CN110438037B - Klebsiella sp 5 with phosphorus dissolving effect and application thereof - Google Patents

Abstract

The invention belongs to the technical field of plant rhizosphere growth-promoting bacteria, and specifically discloses a Klebsiella P5 with phosphorus-dissolving effect and its application. The Klebsiella sp. CCNWSX1902 P5 was deposited in the China Center for Type Culture Collection (CCTCC) on April 22, 2019, and the deposit number is CCTCC NO: M 2019280. In the present invention, a phosphorus-dissolving bacteria P5 is isolated from the wheat rhizosphere soil, and is identified as Klebsiella sp. CCNWSX1902 after its morphological, physiological and biochemical characteristics and genetics are identified. The strain can effectively dissolve the insoluble phosphorus in the rhizosphere soil of plants, greatly increase the content of available phosphorus in the soil, improve the utilization rate of phosphorus in the soil by plants, and then promote plant growth, reduce the use of chemical fertilizers, and improve crops. Yield is of great significance in agricultural production.

Description

A Klebsiella P5 with Phosphorus Dissolution and Its Application

technical field

The invention relates to the technical field of plant rhizosphere growth-promoting bacteria, in particular to a Klebsiella P5 strain with phosphorus-dissolving effect and applications thereof.

Background technique

Phosphorus is an essential nutrient element for plant growth and metabolic activities, and plays a key role in high crop yield. Relevant literature shows that 74% of the cultivated land in my country is deficient in phosphorus, and 95% of the phosphorus in the soil combines with calcium, aluminum, iron and other ions to form insoluble compounds, which are difficult for plants to absorb and utilize. In agricultural production, the application of highly water-soluble phosphate fertilizers is often used to supplement the needs of plants for phosphorus. However, after phosphate fertilizers are applied to the soil, insoluble phosphates are easily formed and quickly adsorbed and fixed by soil minerals or fixed by microorganisms, and the utilization rate is low. is about 35%. The increased application of phosphorus fertilizer not only caused a large amount of waste of phosphorus resources, but also aggravated the problem of environmental pollution.
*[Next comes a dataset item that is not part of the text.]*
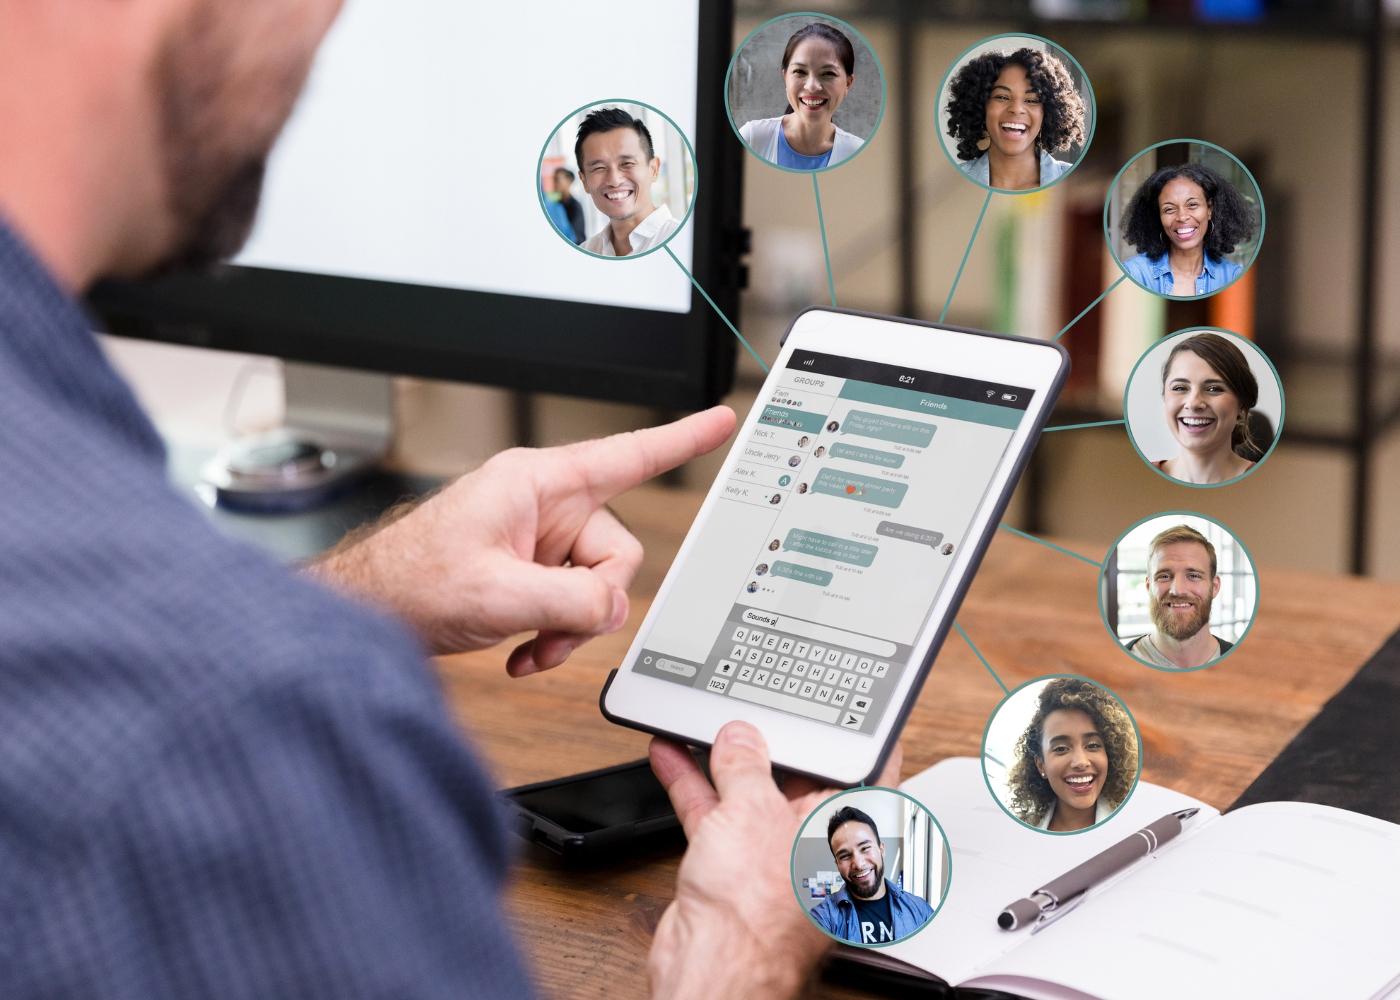 nómadas digitais a trabalhar juntos online
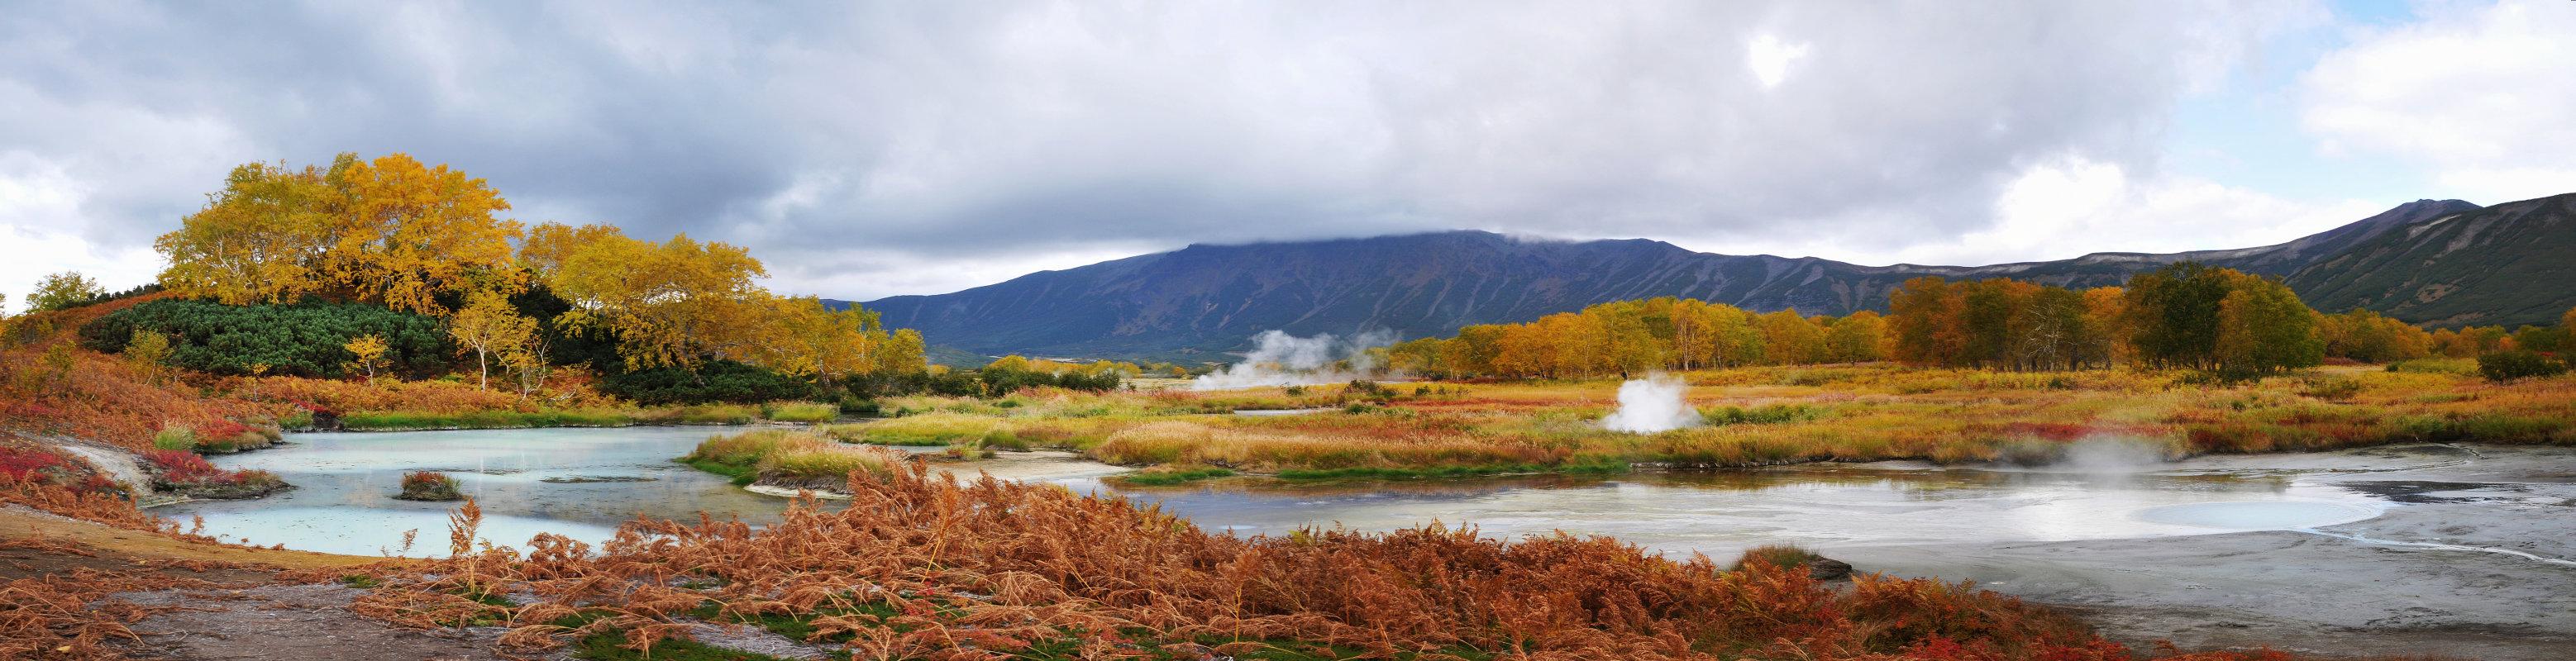 final del mundo Kamchatka caldera Uzon

Therefore, reducing the use of chemical fertilizers and improving the utilization rate of phosphorus in the soil are of great significance for high crop yield and soil ecological maintenance.

Phosphorus-dissolving microorganisms play a key role in the transformation of soil phosphorus, which can convert insoluble phosphorus into available phosphorus that plants can use, improve the utilization rate of phosphorus fertilizer, and reduce the application of phosphorus fertilizer. In addition, phosphorus-dissolving microorganisms can not only enhance the absorption of phosphorus by plants by activating nutrients in the soil, but also some microorganisms can also synthesize and secrete substances that promote plant growth, such as indole-3-acetic acid (IAA), Siderophore and 1-aminocyclopropane-carboxylic acid (ACC) deaminase, etc., thereby promoting the growth and development of plants. Therefore, screening related functional microorganisms and studying their growth-promoting effects on plants is of great significance in reducing the use of chemical fertilizers and improving crop yields.

According to incomplete statistics, a total of 89 species of phosphorus-dissolving microorganisms from 30 genera have been screened in the world, including 27 species of fungi, 58 species of bacteria and 4 species of actinomycetes. There were significant differences in the ability of different phosphate-solubilizing bacteria to dissolve various insoluble phosphates. For example, the Chinese patent with the application number of CN201610155718.7 discloses a high-efficiency phosphate-solubilizing bacteria that can promote the growth of aboveground tissues of white clover and its application, specifically collecting the rhizosphere soil of white clover, and using PKO selection medium to separate it from the sample A phosphate-dissolving bacterium was purified and identified as Enterobacter cloacae, which can form a larger phosphate-dissolving circle on PKO medium. After inoculation of the bacteria on white clover, the biomass of the host plant was greatly increased.

Although there are many kinds of phosphorus-dissolving bacteria in the prior art, it is still of great significance to screen new plant rhizosphere phosphorus-dissolving bacteria and study their growth-promoting effects on plants.

SUMMARY OF THE INVENTION

The object of the present invention is to overcome the above-mentioned deficiencies of the prior art, provide a Klebsiella P5 with phosphorus-dissolving effect, and the present invention separates and obtains a new phosphorus-dissolving bacteria P5 from the wheat rhizosphere soil. It has good adaptability and can colonize the wheat rhizosphere and promote wheat growth.

Another object of the present invention is to provide the application of the above-mentioned Klebsiella P5 in dissolving insoluble phosphorus in plant rhizosphere soil.

Another object of the present invention is to provide the application of the above-mentioned Klebsiella P5 in improving the content of available phosphorus in plant rhizosphere soil.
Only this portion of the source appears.